A fast-spinning electron star sucking in material from a neighbouring red giant. Image: NASA/Dana Berry
Is it possible for a zombie to return to the land of the living? Yes, when we look to the distant universe.
It seems that, as we add more powerful telescopes to our astronomical catalogue, we are capturing more and more rare events in deep space.
The latest one was first seen by the European Space Agency’s (ESA) Integral space observatory in August of last year, but the peculiar findings have just been published to the journal Astronomy & Astrophysics.
At the time, a massive x-ray flare was detected from an unknown source somewhere in the crowded centre of our Milky Way galaxy, leading to astronomers training their telescopes in that direction.
These observations later revealed a strongly magnetised and slowly rotating neutron star that appeared to be feeding on material from a nearby red giant star, which was once up to eight times larger than our sun but had now reached the end stage of its life.

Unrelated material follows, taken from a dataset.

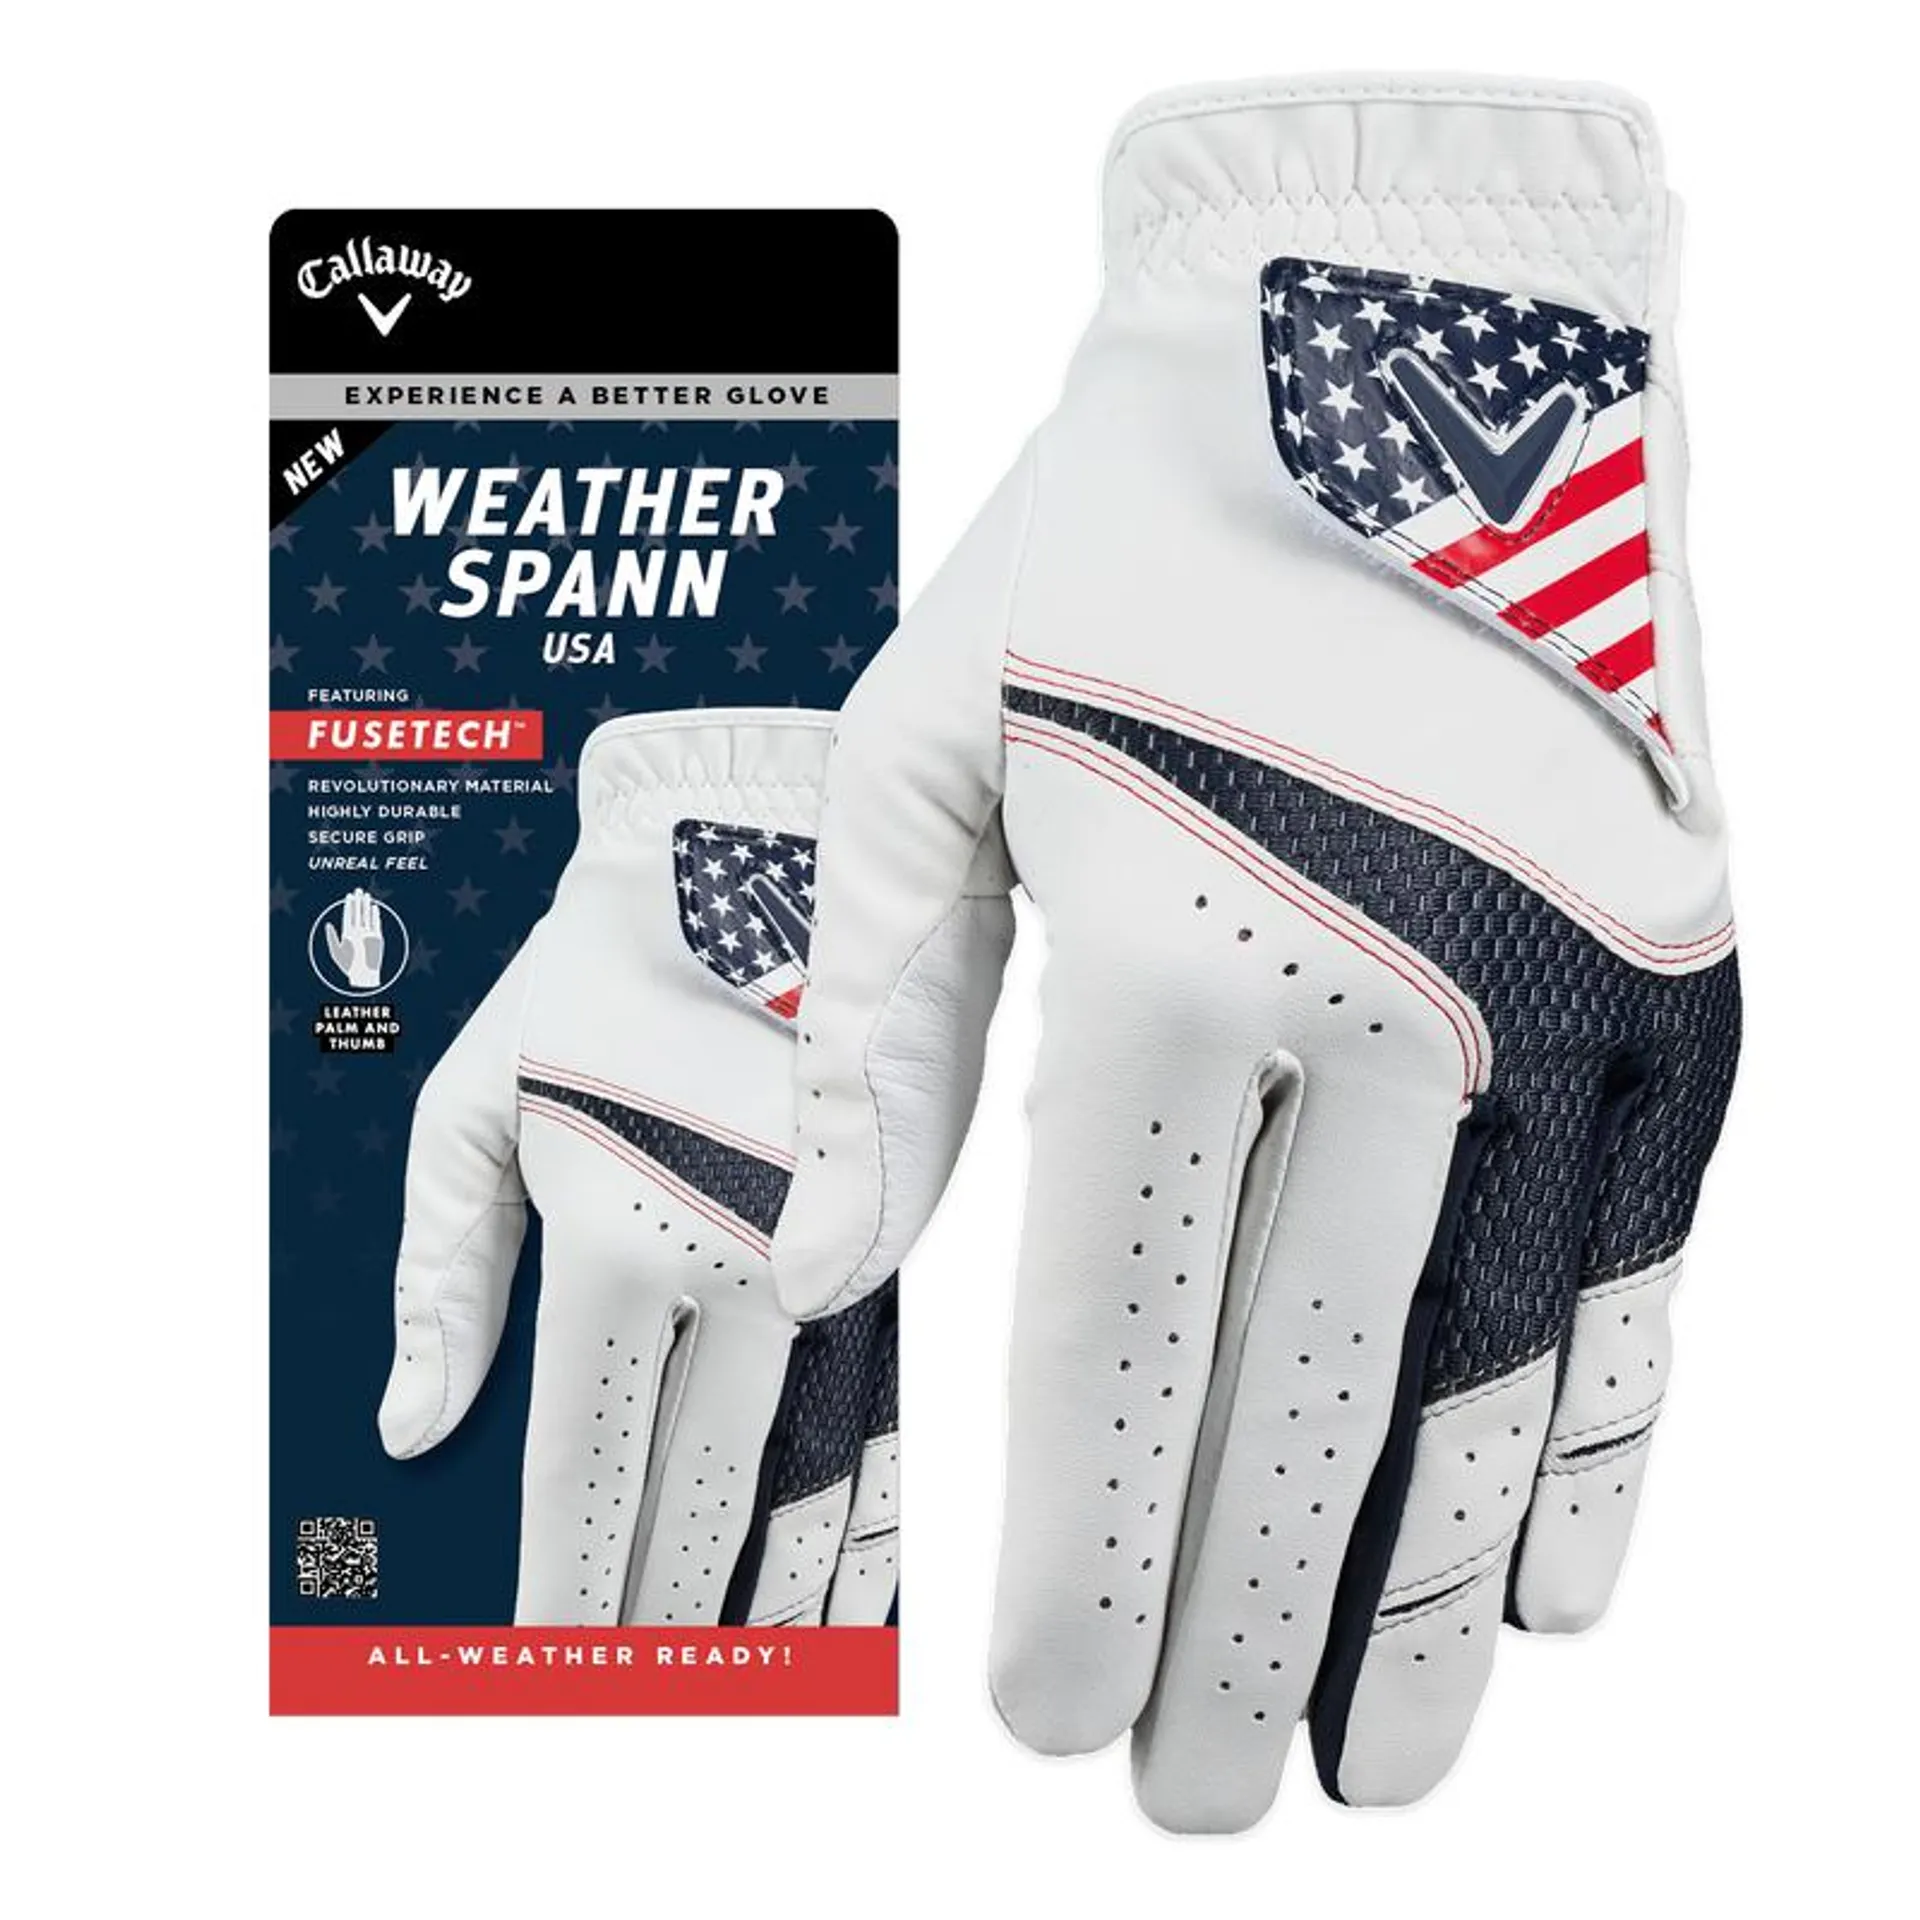 Weather Spann USA Golf Glove

The neutron star, however, was once even larger, at up to 30 solar masses. After racing through its fuel and exploding in a supernova, it left a spinning stellar ‘zombie’ with a strong magnetic field that packs 1.5 solar masses into a space just 10km across.
While pairings of stars are relatively common in the universe, this discovery of a paired red giant star and neutron star is incredibly rare, as no more than 10 are known to science.
Artist impression depicting winds from a red giant star impacting a neutron star to create prolonged x-ray emission. GIF: ESA
A puzzling event
Readings from the pair reveal some other peculiarities, including the fact that the neutron star spins almost every two hours – very slow compared with other neutron stars, which can spin many times per second.
It also showed that it had a strong magnetic field, which typically points to a young neutron star; a red giant is much older, making this a bizarre couple to have grown up together.
“It might be that either the neutron star magnetic field does not decay substantially with time after all, or the neutron star actually formed later in the history of the binary system,” said Enrico Bozzo, who led the study.
“That would mean it collapsed from a white dwarf into a neutron star as a result of feeding off the red giant over a long time, rather than becoming a neutron star as a result of a more traditional supernova explosion of a short-lived massive star.”